São tempos de polarização política, de demonização das opiniões contrapostas e desconfiança mútua quanto a políticas, políticos e informações veiculadas. Como diria Elias Canetti ("Massa e Poder", de 1960), as massas se dividem em fuga ou perseguição, ora atacando o inimigo ou dele fugindo por serem vistas como tal.
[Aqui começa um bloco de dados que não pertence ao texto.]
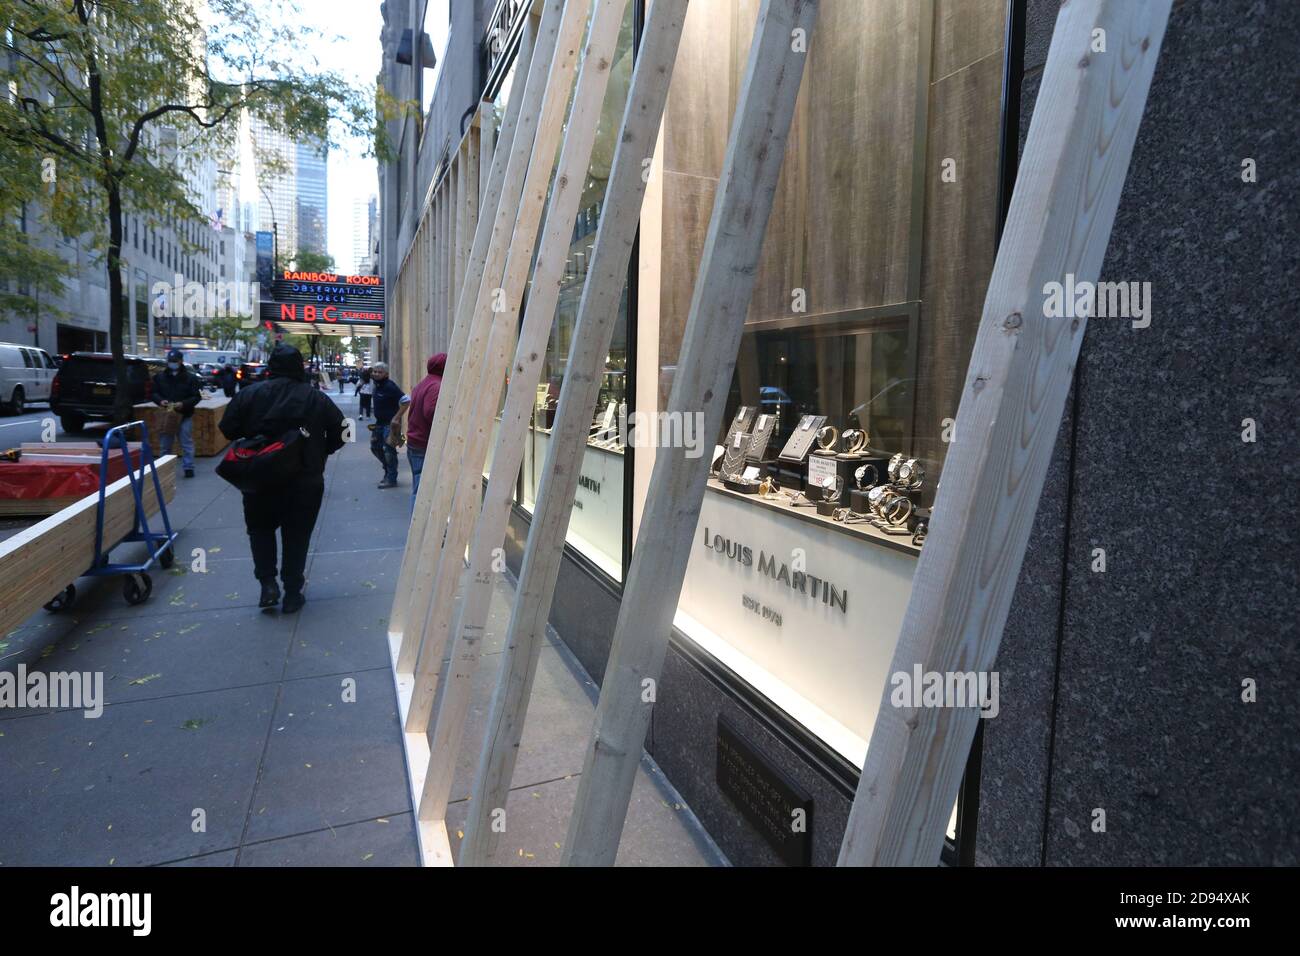 New York, NY, USA. 2nd Nov, 2020. Nov 2, 2020 : New York Stores prepare for possible unrest surrounding election day. Workers board up Louis Martin Jewelers to prevent looting and vandalism. Credit: Dan Herrick/ZUMA Wire/Alamy Live News Stock Photo

A maniqueização da política se reflete na redução de espaços de diálogo na sociedade civil e queda vertiginosa das liberdades, fazendo com que o Brasil perdesse no início de 2020 o status de democracia liberal, segundo a avaliação do Instituto V-Dem da Universidade de Gotemburgo. 

Como se em outra dimensão, também vivenciamos a franca expansão dos métodos consensuais ou autocompositivos de resolução de conflitos, ou seja, do estímulo para que as próprias partes decidam sobre a solução que querem dar a determinada disputa travada entre si. 
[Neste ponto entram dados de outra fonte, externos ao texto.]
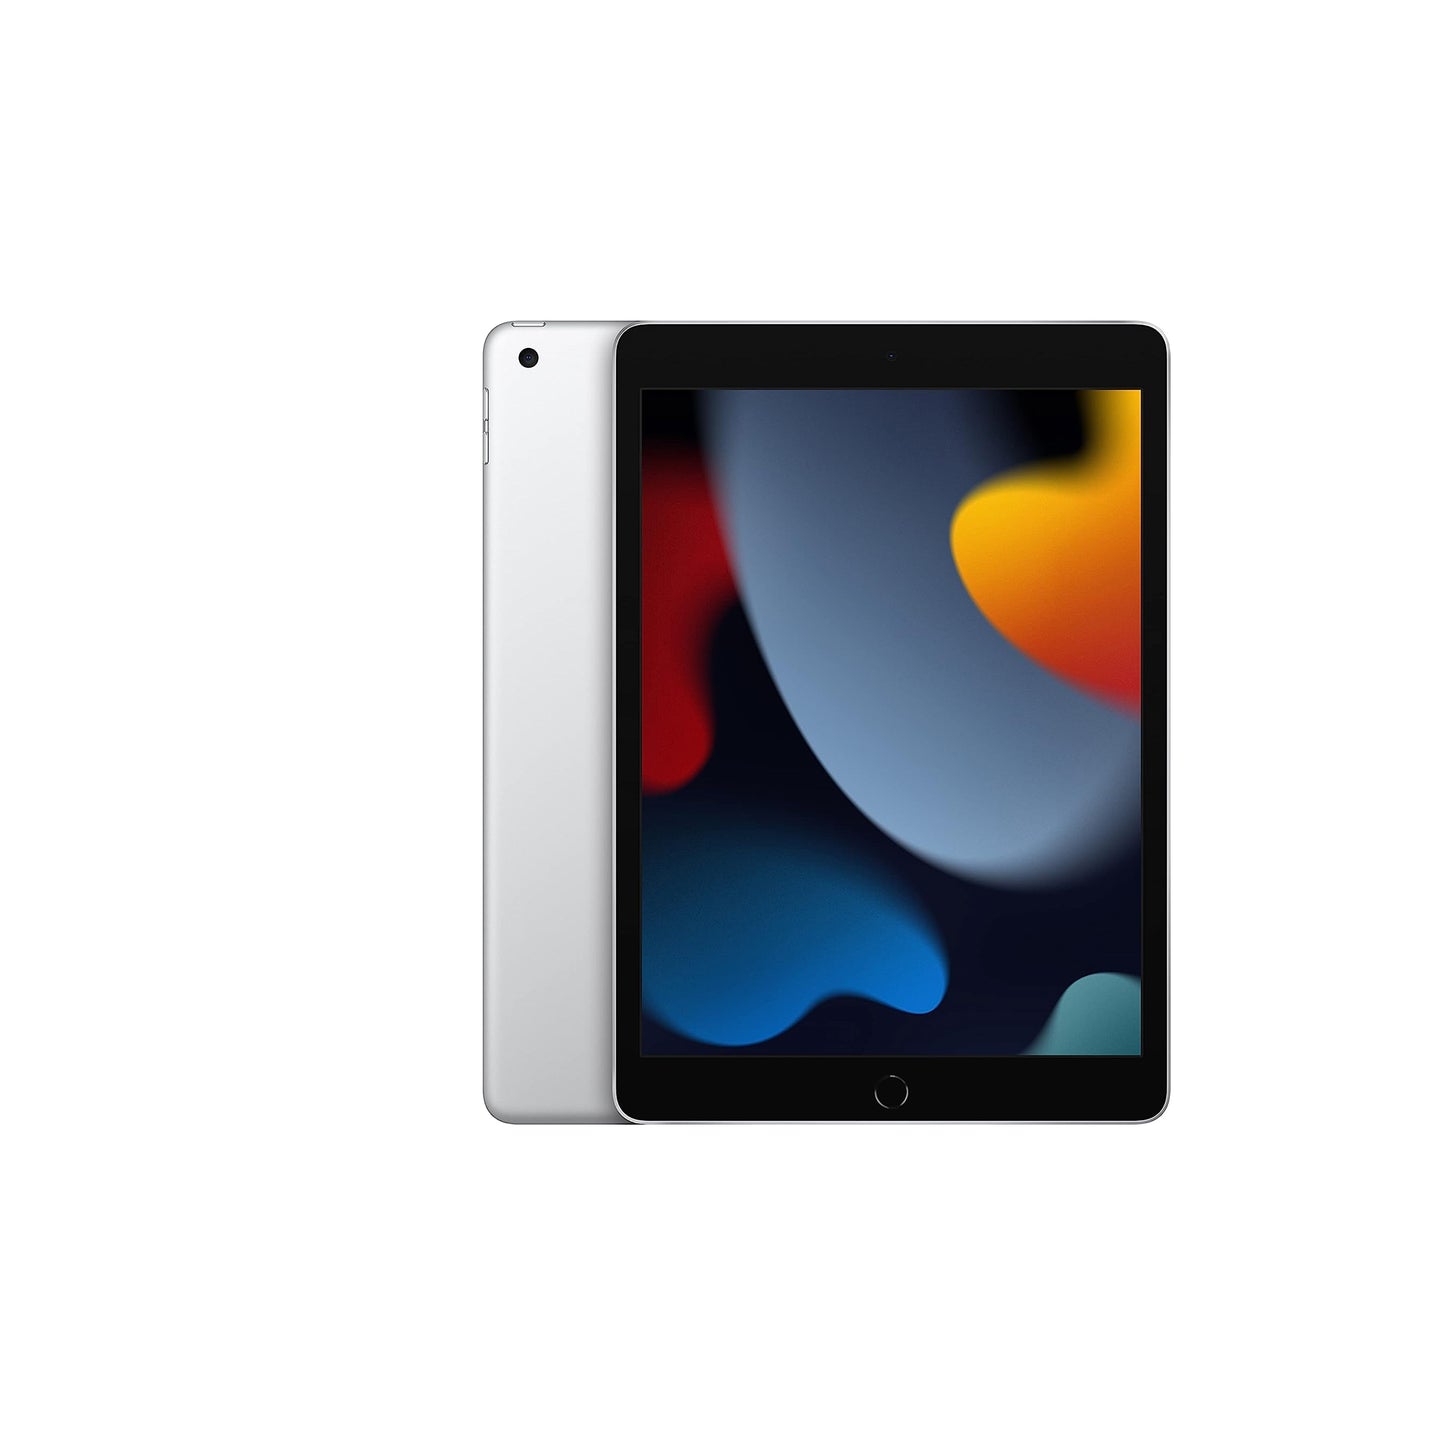 Apple iPad (9th Generation): with A13 Bionic chip, 10.2-inch Retina Display, 256GB, Wi-Fi, 12MP front/8MP Back Camera, Touch ID, All-Day Battery Life – Silver

Nesse contexto, muito se discute sobre a aplicabilidade de mediação e conciliação (dois dos principais métodos consensuais) para resolução de conflitos envolvendo a Administração Pública. A Lei de Mediação (Lei 13.140/2015) dedica capítulo próprio aos conflitos em que for parte pessoa jurídica de Direito público, prevendo inclusive a possibilidade de criação de câmaras de resolução de conflitos. Todavia, pouco se fala sobre a aplicabilidade das técnicas e ferramentas de mediação como instrumento para a construção de políticas públicas atentas à pluralidade de posições, interesses e necessidades.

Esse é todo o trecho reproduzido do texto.